11 Science Indicators

Sujit Bhattacharya

epgp books

 

 

 

 

I. Objectives

 

The students after reading this module and doing the exercise should obtain basic understanding of indicators in general and S&T indicators in particular. They would also be able to apply indicators for measuring some facets of scientific activity.

 

II. Learning Outcome

 

At the end of this module, you have gained knowledge related to various indicators and their merits; you have also learnt — how to compute? How to interpret? What are the various limitations of various indicators? Etc.
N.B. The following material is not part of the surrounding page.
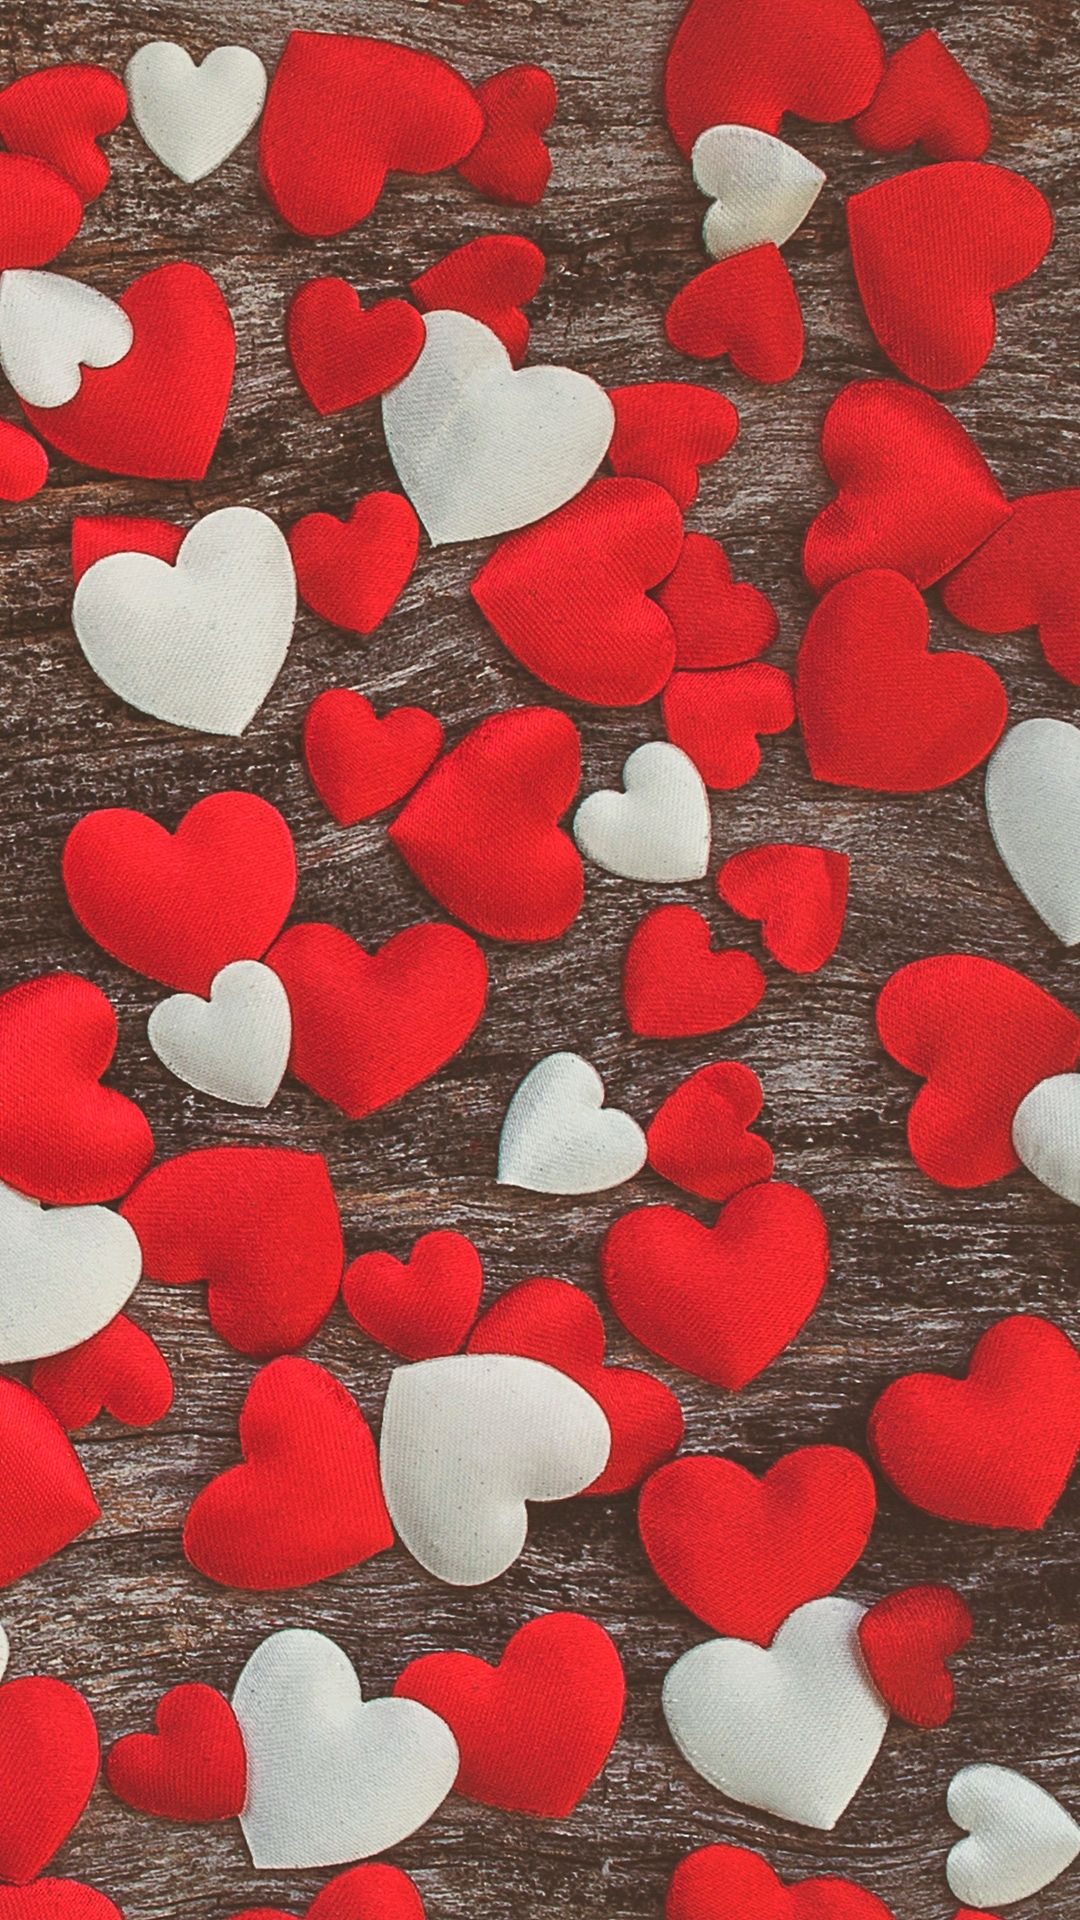 Beautiful Romantic Most Beautiful Love Mobile Wallpapers Valentines Wallpaper Love Wallpaper Heart Wallpaper

You have now learnt an important chapter in scientometrics; this will be very useful in carrying out research projects in the area of National mapping of Science.

 

III. Module Structure

 

1.  Introduction

2.  Science and Technology Indicators

3.  Input Indicators

4.  What is Scientometrics?

5.  Scientometric Techniques

6.  Science and Technology Performance Indicators

7.  Indentifying Conceptual Connections among Documents

8.  Co-Citation Analysis

8.1 Similarity through identifying jointly cited papers (Co-Citation)

9.  Co-word Analysis

10.  Methodological problems of bibliometric based indicator

11.  Summary

12.  References

 

1. Introduction

 

Indicators are used to measure the various Dimensions that are perceived to constitute a Construct. Thus there are two important concepts namely dimension and construct that requires understanding. Constructs can be thought of an entity that cannot be directly measurable. For example creativity, performance, and intelligence are constructs. They differ from variables such as weight, blood pressure, and temperature that can be measured on a scale. Construct is thus not a single measurable entity but can be expressed through measurement of directly observable variables. Constructs are composed of various dimensions. For example financial indicators can show the health of a country’s economy. Science and Technology indicators help to capture various facets/characteristics of science and technology such as productivity, collaboration, impact.

 

An indicator should convey information about a particular element or a sub-element that it represents. Indicators are based on statistics covering various aspects of the phenomena. An ideal indicator should be representative — it should cover the most important aspects of the elements concerned. It should be reliable — in that it should directly reflect how far the objective concerned is met, well founded, accurate, measured in a standardized way; and feasible — data should be readily available, and at reasonable cost.

 

Construction of proper indicators is dependent on Reliability and Validity. Reliability implies consistency of measurement i.e. an indicator is reliable if different people who use them get consistent results. Validity is concerned with the accuracy of the measurement i.e. indicator should be able to measure what they are intended to measure. How appropriately proxies measure the various parameters provide validity to the indicators? For example indicators constructed from research papers are commonly used as proxy for measuring scientific activity. There is a strong rationale for choice of indicators based on research papers as proxy. However, research papers will not generally be published in areas of strategic/military research and where research has potentiality for commercial exploitation. In those cases, research papers would not be a proper proxy for measuring scientific activity. The database one is using to capture the research activity in a field should systematically cover all the important journals in that field. This ensures that data for the research field is reliable.

 

Important steps for measuring the construct through indicators: Subdivide the construct according to several set of dimensions. Create indicators for measuring each of the dimensions. Create the composite indicator that captures all the dimensions. This composite indicator is the construct. Each dimension in itself reveals important aspects of phenomena and thus in many cases we are interested to measure the dimension only.

 

2. Science and Technology Indicators

 

Science and Technology indicators help to capture various facets/characteristics of science and technology. Ideally they should describe the science and technology system, enabling better understanding of its structure, of the impact of policies and programs on it, and of the impact of science and technology on society and the economy.

 

Science and Technology indicators are constructed from various input and output statistics of the S&T system. Input indicators are mainly constructed from the financial statistics such as the level of funding for R&D, funding for basic or applied sciences. A common input S&T indicator is GERD (Gross domestic expenditure in R&D). This is the total expenditure in R&D of a country with respect to the overall expenditure. Another important input indicator is constructed from Manpower involved in R&D.

 

Indicators constructed from research papers, patents, standards, significant innovations, and product announcement are output indicators. They provide indication of the output and outcome of the S&T.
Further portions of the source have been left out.